Broad Institute of MIT and Harvard, Cambridge, MA, USA.
Cell. 2019 Jul 25;178(3):521-535.e23. doi: 10.1016/j.cell.2019.07.002.
Intracellular accumulation of misfolded proteins causes toxic proteinopathies, diseases without targeted therapies. Mucin 1 kidney disease (MKD) results from a frameshift mutation in the MUC1 gene (MUC1-fs). Here, we show that MKD is a toxic proteinopathy. Intracellular MUC1-fs accumulation activated the ATF6 unfolded protein response (UPR) branch. We identified BRD4780, a small molecule that clears MUC1-fs from patient cells, from kidneys of knockin mice and from patient kidney organoids. MUC1-fs is trapped in TMED9 cargo receptor-containing vesicles of the early secretory pathway. BRD4780 binds TMED9, releases MUC1-fs, and re-routes it for lysosomal degradation, an effect phenocopied by TMED9 deletion. Our findings reveal BRD4780 as a promising lead for the treatment of MKD and other toxic proteinopathies. Generally, we elucidate a novel mechanism for the entrapment of misfolded proteins by cargo receptors and a strategy for their release and anterograde trafficking to the lysosome.
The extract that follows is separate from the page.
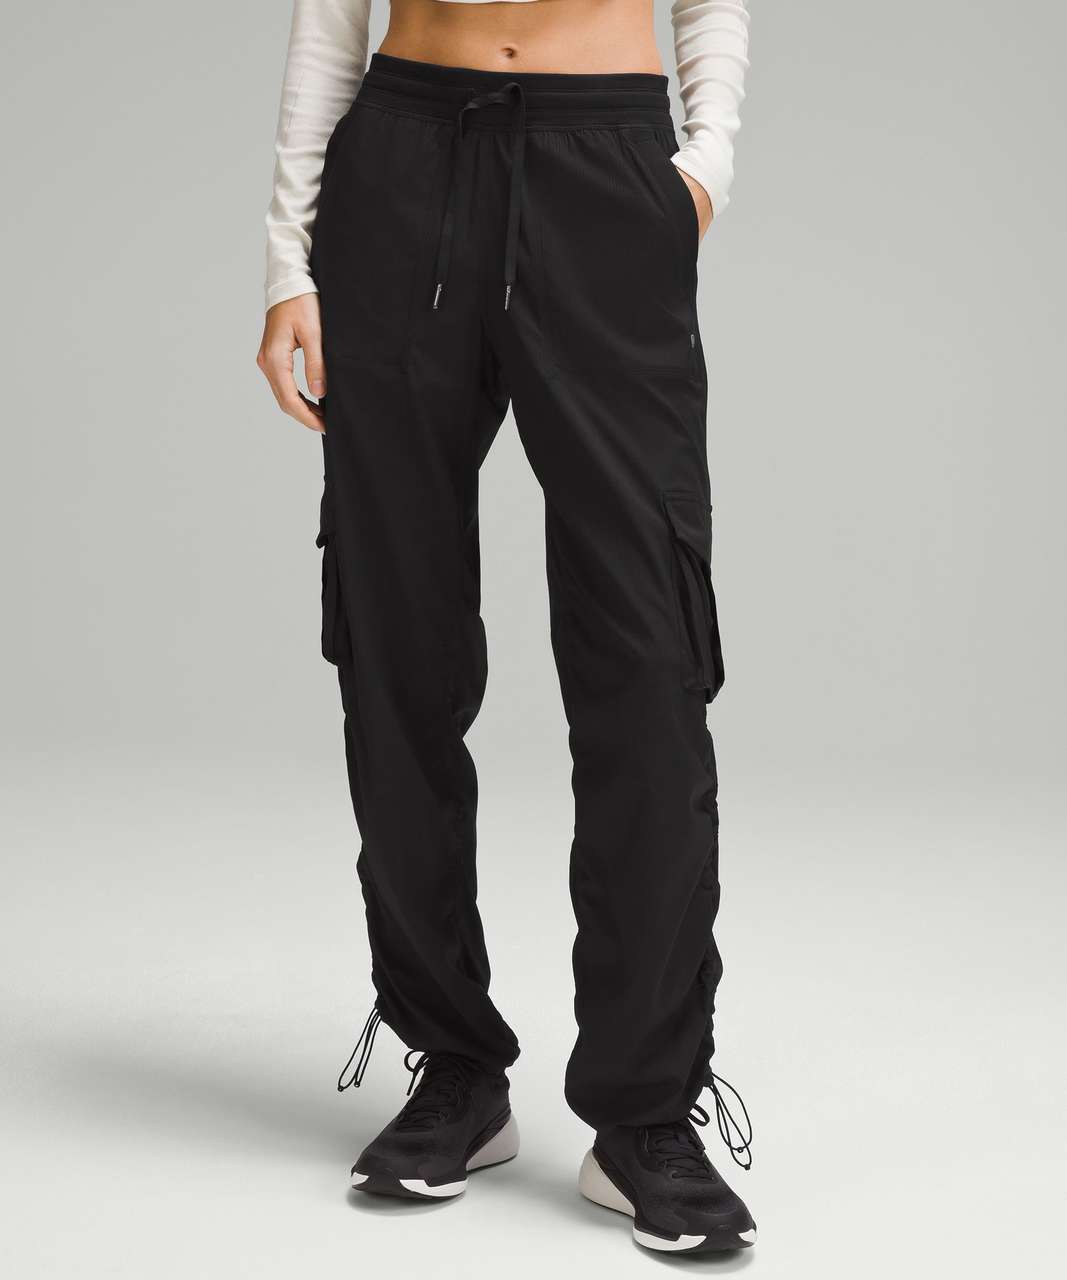 Lululemon Dance Studio Pants Black Size 4 - $40 (59% Off Retail

细胞内错误折叠蛋白质的积累会导致无靶向治疗方法的毒性蛋白病。粘蛋白 1 肾病(MKD)是由 MUC1 基因(MUC1-fs)的移码突变引起的。在这里,我们表明 MKD 是一种毒性蛋白病。细胞内 MUC1-fs 的积累激活了 ATF6 未折叠蛋白反应(UPR)分支。我们从嵌合小鼠的肾脏和患者的肾类器官中鉴定出了一种能清除患者细胞中 MUC1-fs 的小分子 BRD4780。MUC1-fs 被困在早期分泌途径中含有 TMED9 货物受体的囊泡中。BRD4780 与 TMED9 结合,释放 MUC1-fs,并将其重新定向到溶酶体进行降解,TMED9 缺失可模拟该作用。我们的发现揭示了 BRD4780 作为治疗 MKD 和其他毒性蛋白病的有前途的先导化合物。总的来说,我们阐明了货物受体捕获错误折叠蛋白质的新机制,以及释放和正向运输到溶酶体的策略。